Burma’s military-controlled censorship board has banned all journals and magazines from publishing news about a North Korean ship which will soon dock near Rangoon and is believed to be carrying arms for Burma.

Weekly newspapers such as Weekly Eleven, 7 days, Yangon Times and The Voice have tried to translate and publish articles based on foreign media sources about the voyage of the cargo ship, which is being tracked by a United States destroyer.

A Rangoon editor told The Irrawaddy, “Most journals tried to print something about the voyage of the North Korea ship, but the Burmese Censorship Board rejected all the stories.”

In Burma, all news outlets inside the country fall under the strict surveillance of the state censorship board under the Ministry of Information—officially known as the Press Scrutiny and Registration Division—and are also held in check by various publication laws.

Prior censorship is imposed on all local media and is strictly applied against any news that might cast the government in a bad light.

The North Korean ship, Kang Nam 1, is believed to be carrying arms for the military government. It departed from the North Korean port of Nampo one week ago, and the USS John S. McCain destroyer has tracked it as it passed along the Chinese coast.

Burmese citizens are relying on foreign-based radio stations for news of the cargo ship, sources said.
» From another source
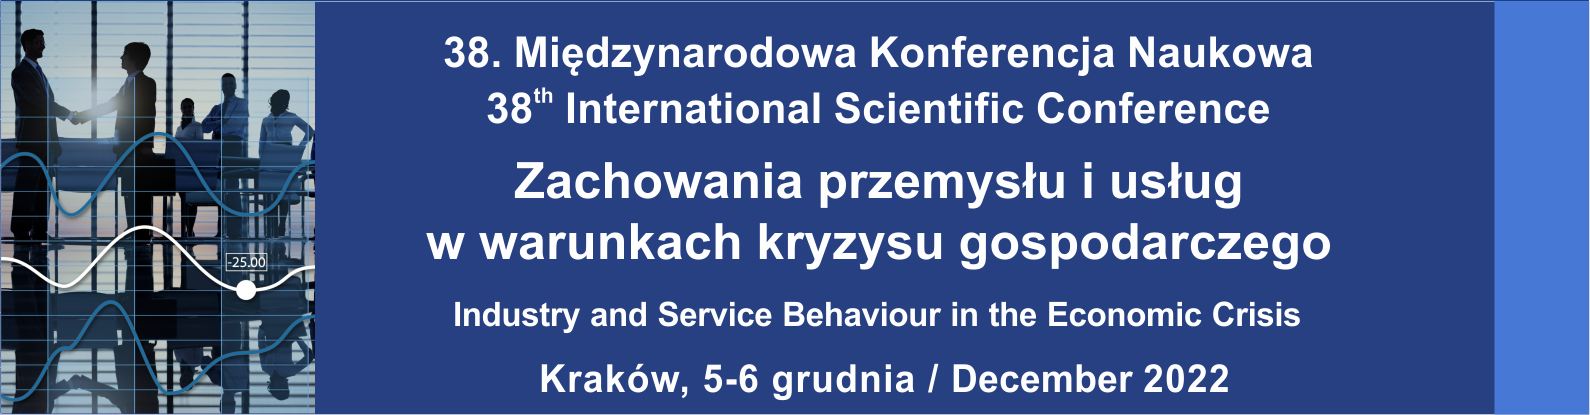 Międzynarodowa Konferencja Naukowa

A 40-year-old Rangoon resident said, “The BBC, VOA and other international broadcasting agencies air news about the ship. Most Burmese people are very interested in it because a US military vessel is involved.”

According to a port official in Rangoon, the North Korean ship will dock at Thilawa port, some 20 miles (30 kilometers) south of Rangoon, in the next few days.
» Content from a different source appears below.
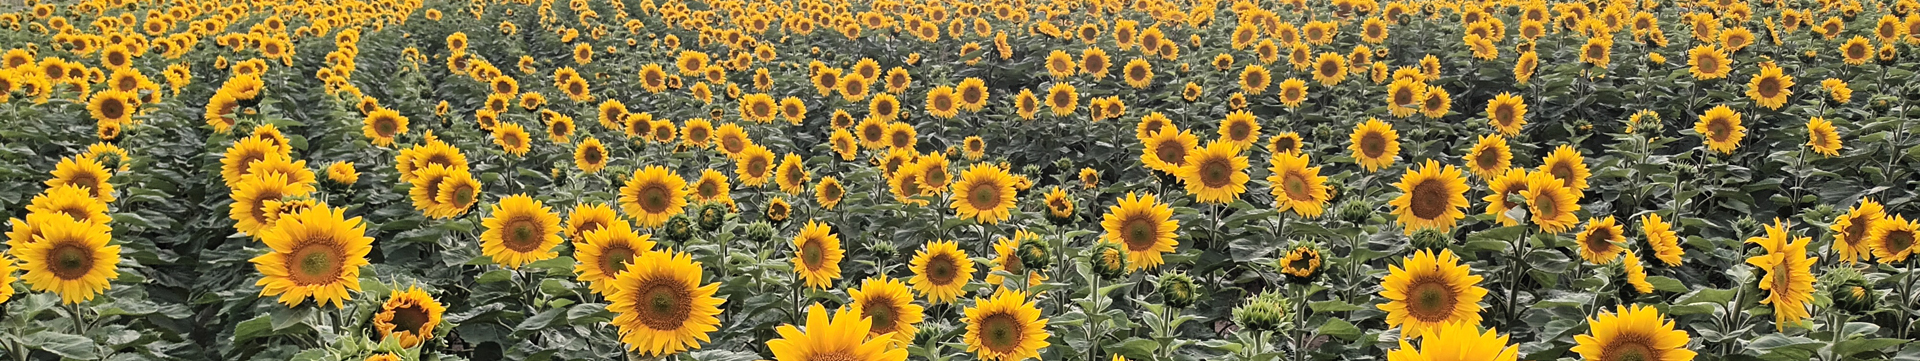 Sonnenblumen bei Hohenstein

The Kang Nam 1 docked at the port in 2004, at that time raising suspicions about the nature of its cargo. Speculation centered on convention arms, missiles or some type of nuclear weaponry.

In 2007, two Burmese journalists working for the Japanese television news agency Nippon News Network (NNN) were arrested and detained for two nights and three days for covering the arrival of the Kang Nam 1, which docked secretly at the Thilawa port, saying it was seeking refuge from a storm and in need of supplies.